# Characteristic polynomial of companion matrix [duplicate]

I have a matrix in companion form,

$$A=\begin{pmatrix} 0 & \cdots & 0& -a_{0} \\ 1 & \cdots & 0 & -a_{1}\\ \vdots &\ddots & \vdots &\vdots \\ 0 &\cdots & 1 & -a_{n-1} \end{pmatrix}$$

where $$A \in M_{n}$$. I want to prove by induction that the characteristic polynomial is

$$p_{A}=t^{n}+a_{n-1}t^{n-1}+\cdots +a_{0}$$

The part that is confusing me is if we assume this hold for $$A_{1}\in M_{n-1}$$ how do we transform, or "add" to $$A_{1}$$ to get the n by n matrix $$A\in M_{n}$$? I hope this makes sense.

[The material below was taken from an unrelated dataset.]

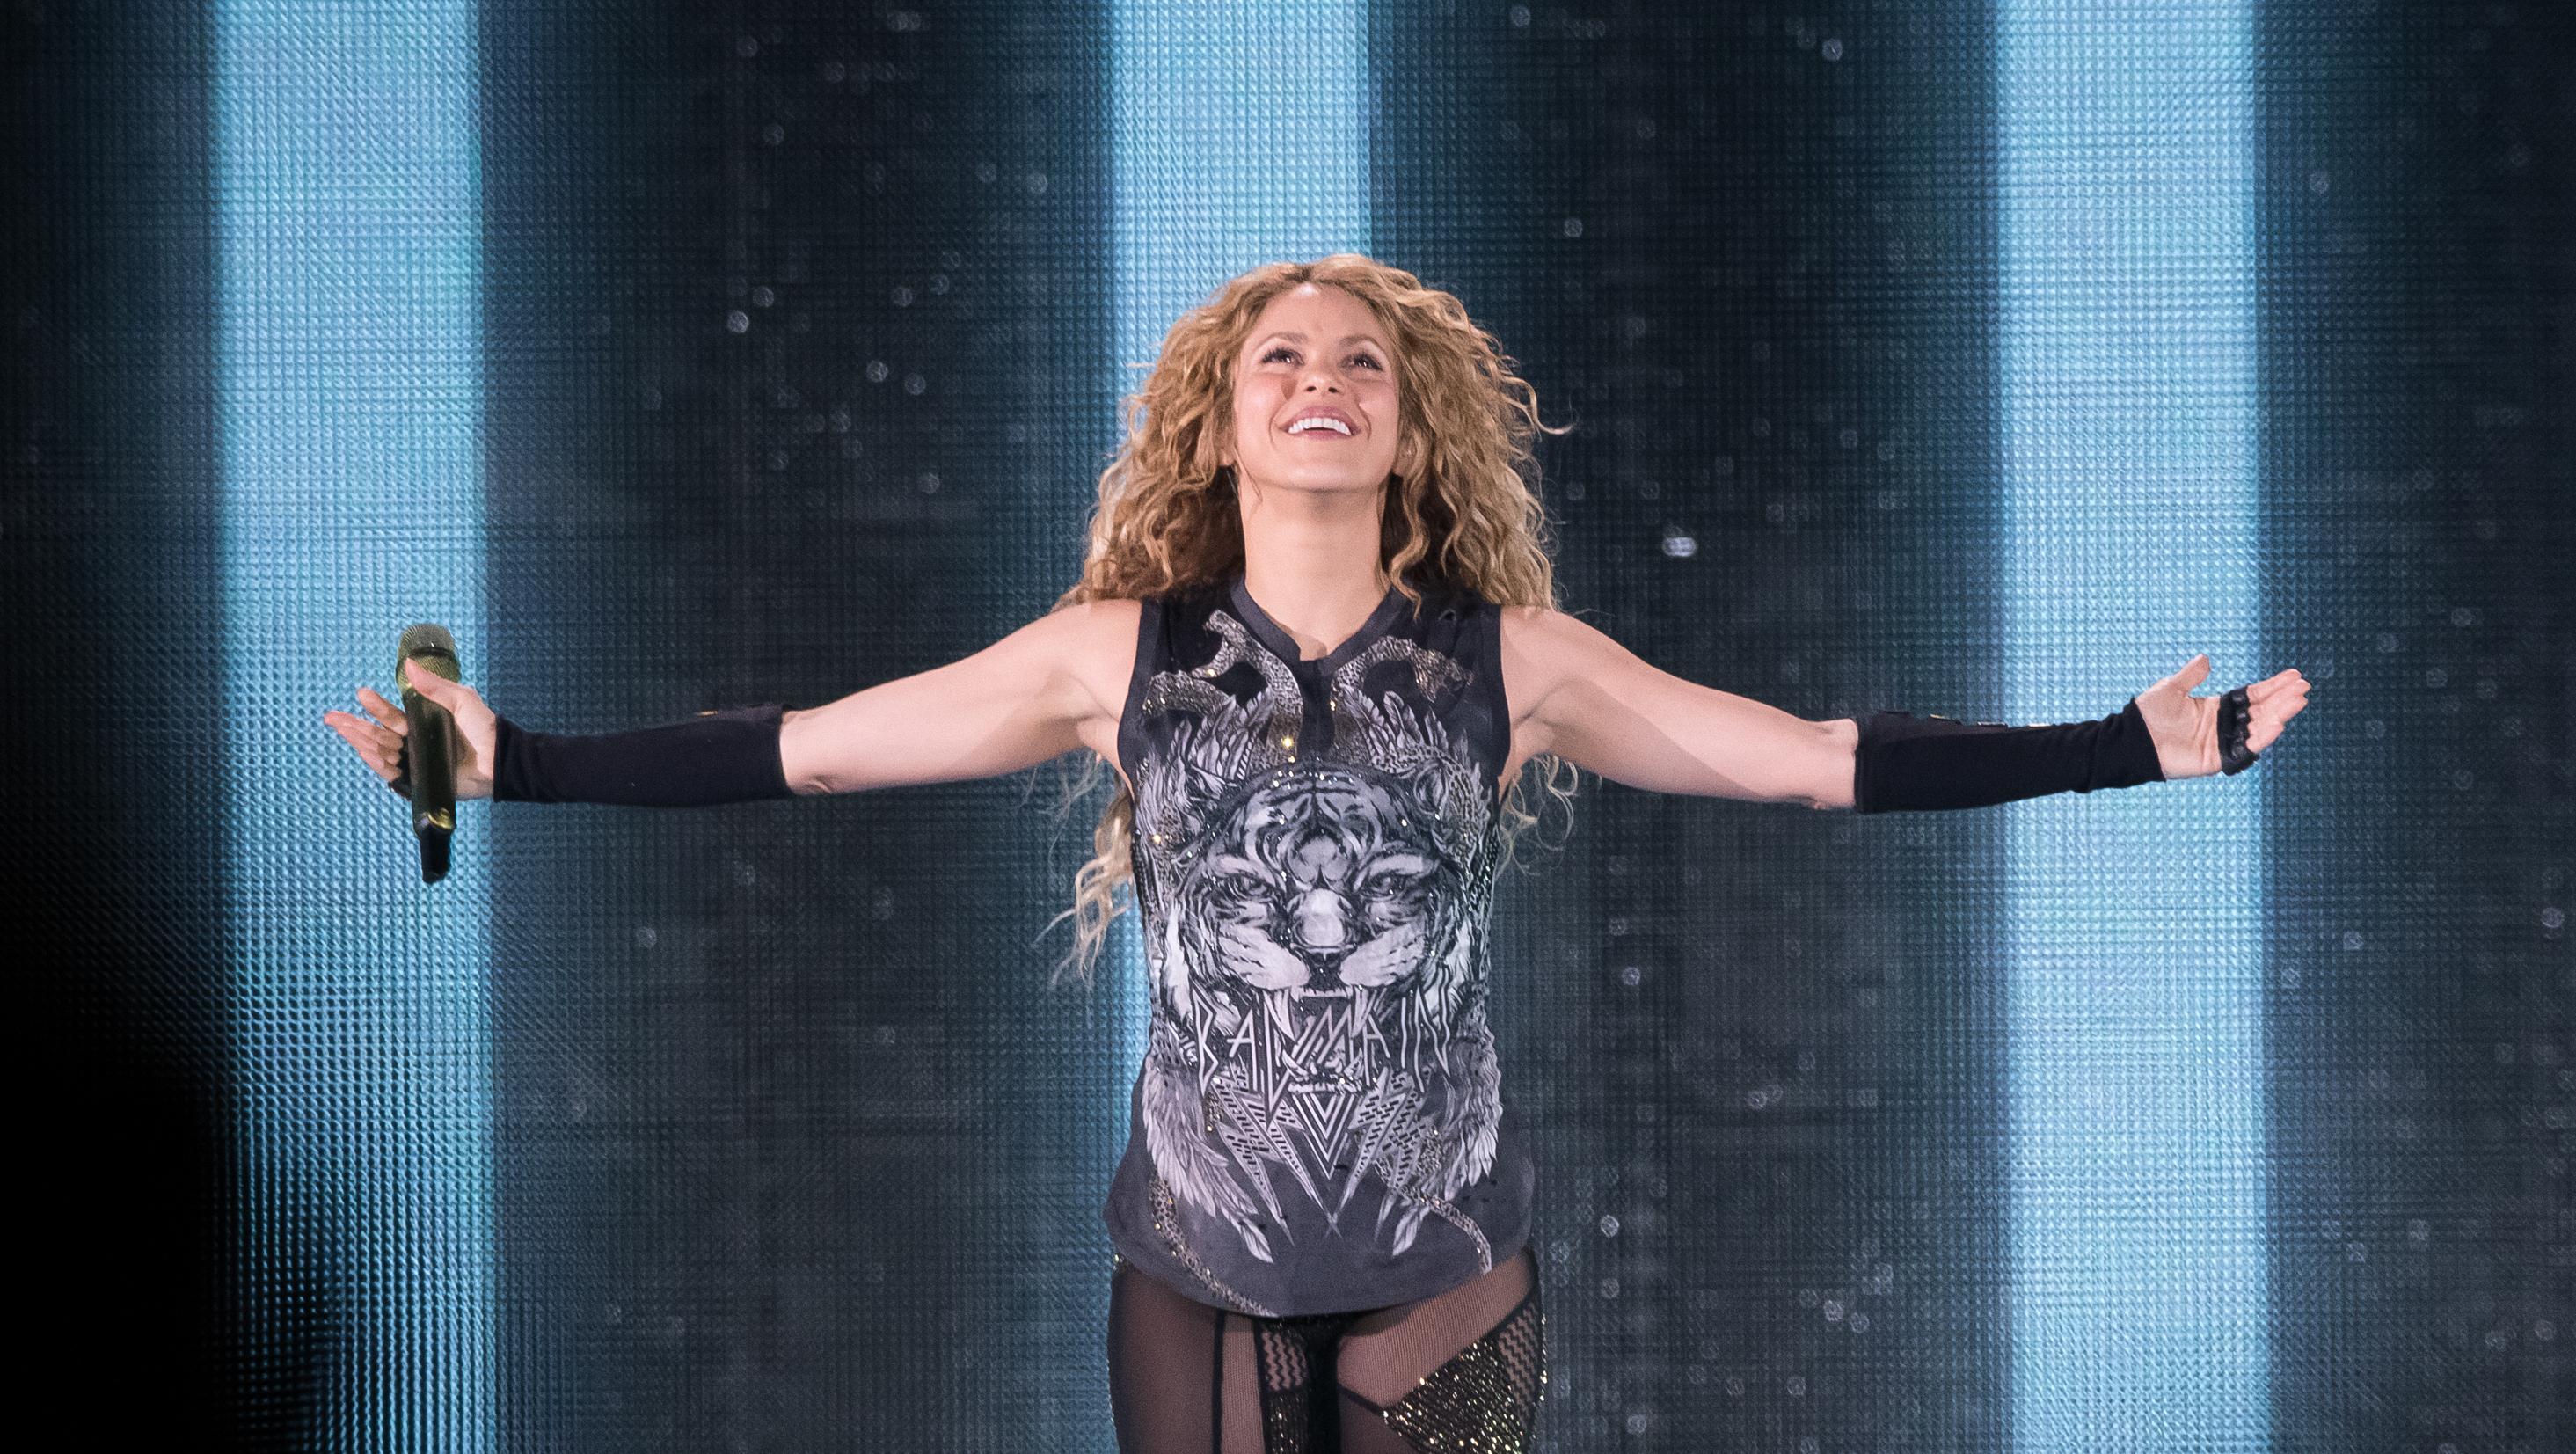 JLo & Shakira Will Headline the 2020 Super Bowl Halftime Show
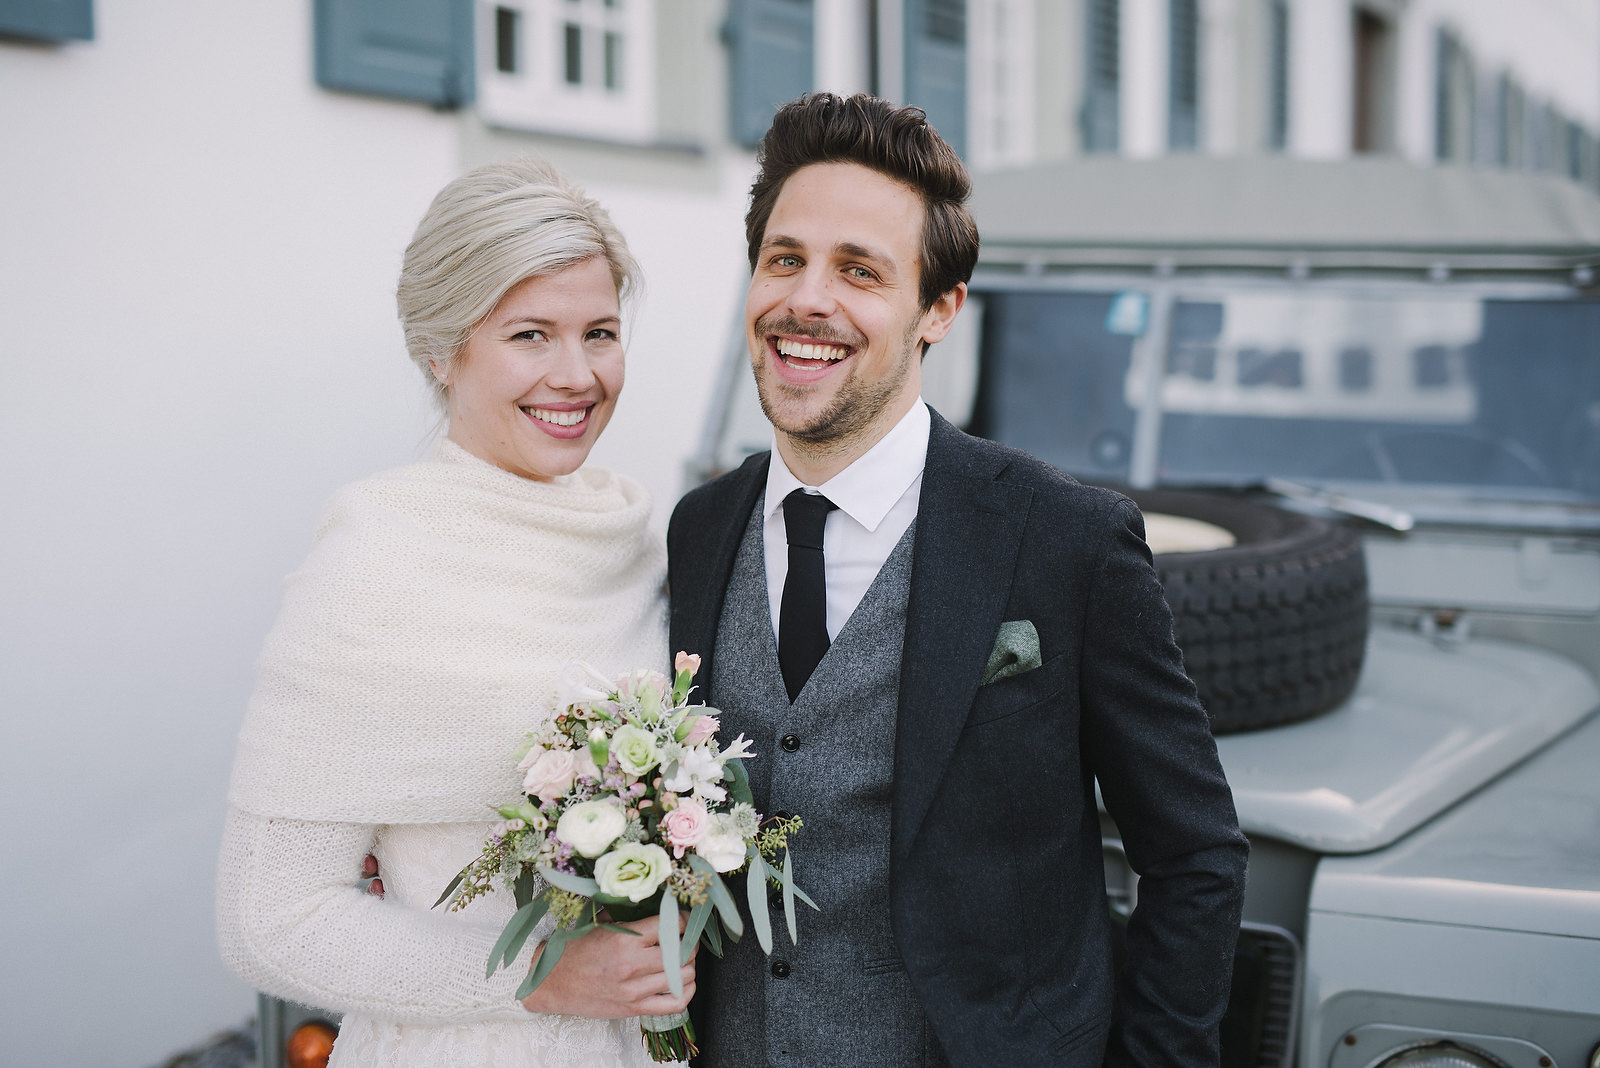 Fotograf Konstanz - Silvester Wedding in Hagnau / Friedrichshafen at Lake of Constance  - 23 -

As suggested in the comment above, expand along the first row:

$$\mathrm{det}(tI_n-A) = \mathrm{det} \begin{pmatrix} t & 0 & \cdots & 0 & a_0 \\ -1 & t & \cdots & 0 & a_1 \\ \vdots & \ddots & \ddots & \vdots & \vdots \\ 0 & 0 & \cdots & -1 & t+a_{n-1} \end{pmatrix} =$$

$$t \cdot \mathrm{det} \; \begin{pmatrix} t & 0 & \cdots & 0 & a_1 \\ -1 & t & \cdots & 0 & a_2 \\ \vdots & \ddots & \ddots & \vdots & \vdots \\ 0 & 0 & \cdots & -1 & t+a_{n-1} \end{pmatrix} + (-1)^{1+n} a_0 \cdot \mathrm{det} \begin{pmatrix} -1 & t & 0 & \cdots & 0 \\ 0 & -1 & t & \cdots & 0 \\ \vdots & \vdots & \ddots & \vdots & \vdots \\ 0 & 0 & \cdots & 0 & -1 & \end{pmatrix}$$

By induction we can replace the determinant on the left by $a_1+a_2t+\cdots+a_{n-1}t^{n-2}+t^{n-1}$ and the second matrix's determinant is the product of its diagonals (since it's upper-triangular). The product of the diagonals is $(-1)^{n-1}$. Therefore, the determinant is $t(a_1+a_2t+\cdots+a_{n-1}t^{n-2}+t^{n-1})+(-1)^{n+1}(-1)^{n-1}a_0$. Which simplifies to $a_0+a_1t+\cdots+a_{n-1}t^{n-1}+t^n$.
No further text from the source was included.